We push down predicates to Iceberg that uses them to filter out files
when getting the results of planFiles(). Using the
FileScanTask.residual() function we can find out if we have to use
the predicates to further filter the rows of the given files or if
Iceberg has already performed all the filtering.
Basically if we only filter on IDENTITY-partition columns then Iceberg
can filter the files and using these filters in Impala wouldn't filter
any more rows from the output (assuming that no partition evolution was
performed on the table).

An additional benefit of not pushing down no-op predicates to the
scanner is that we can potentially materialize less slots.
For example:

SELECT count(1) from iceberg_tbl where part_col = 10;

Another additional benefit comes with count(*) queries.
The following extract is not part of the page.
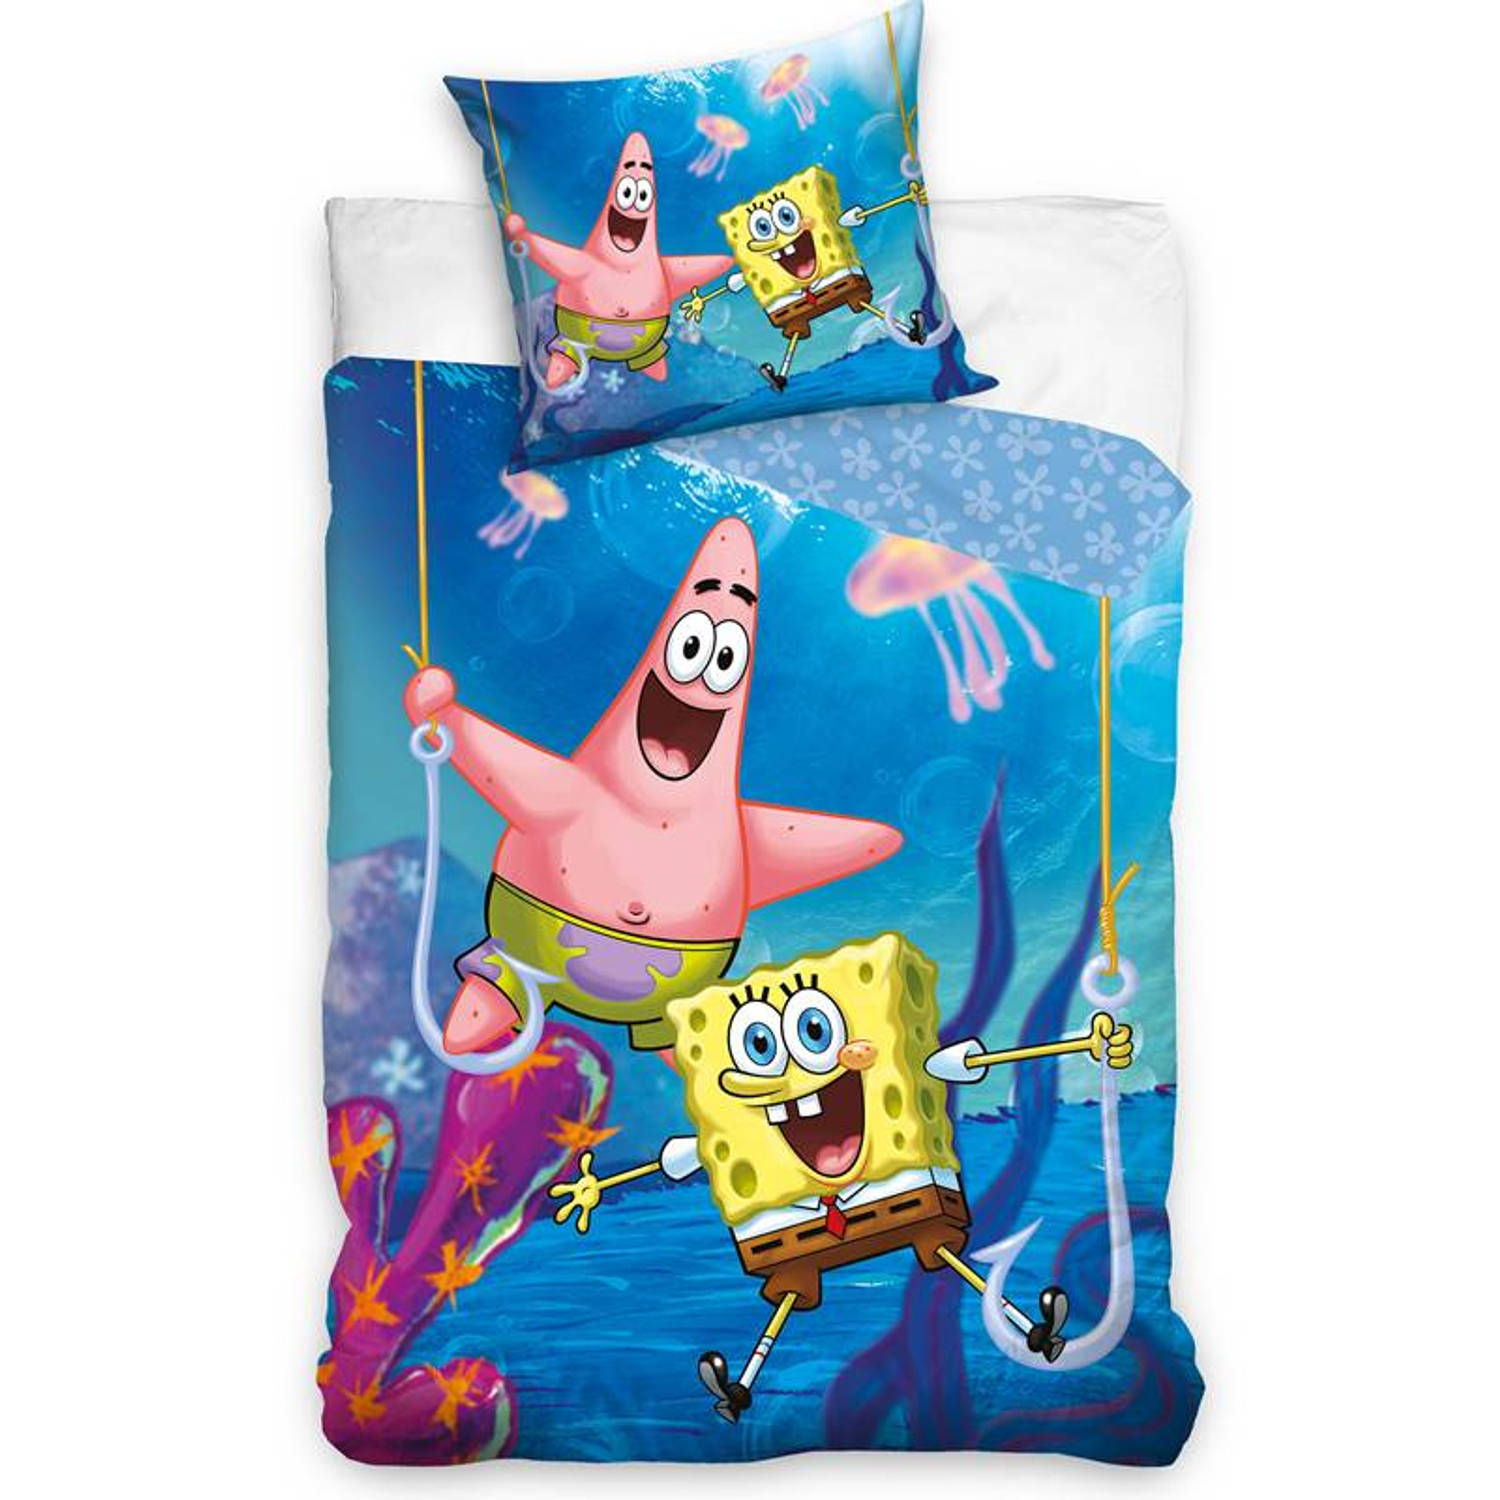 Spongebob Squarepants Spongebob Dekbedovertrek - Eenpersoons - 140x200 cm - Blauw

If all the
predicates are skipped from being pushed to Impala's scanner for a
count(*) query then the Parquet scanner can go to an optimized path
where it uses stats instead of reading actual data to answer the query.

In the above query Iceberg filters the files using the predicate on
a partition column and then there won't be any need to materialize
'part_col' in Impala, nor to push down the 'part_col = 10' predicate.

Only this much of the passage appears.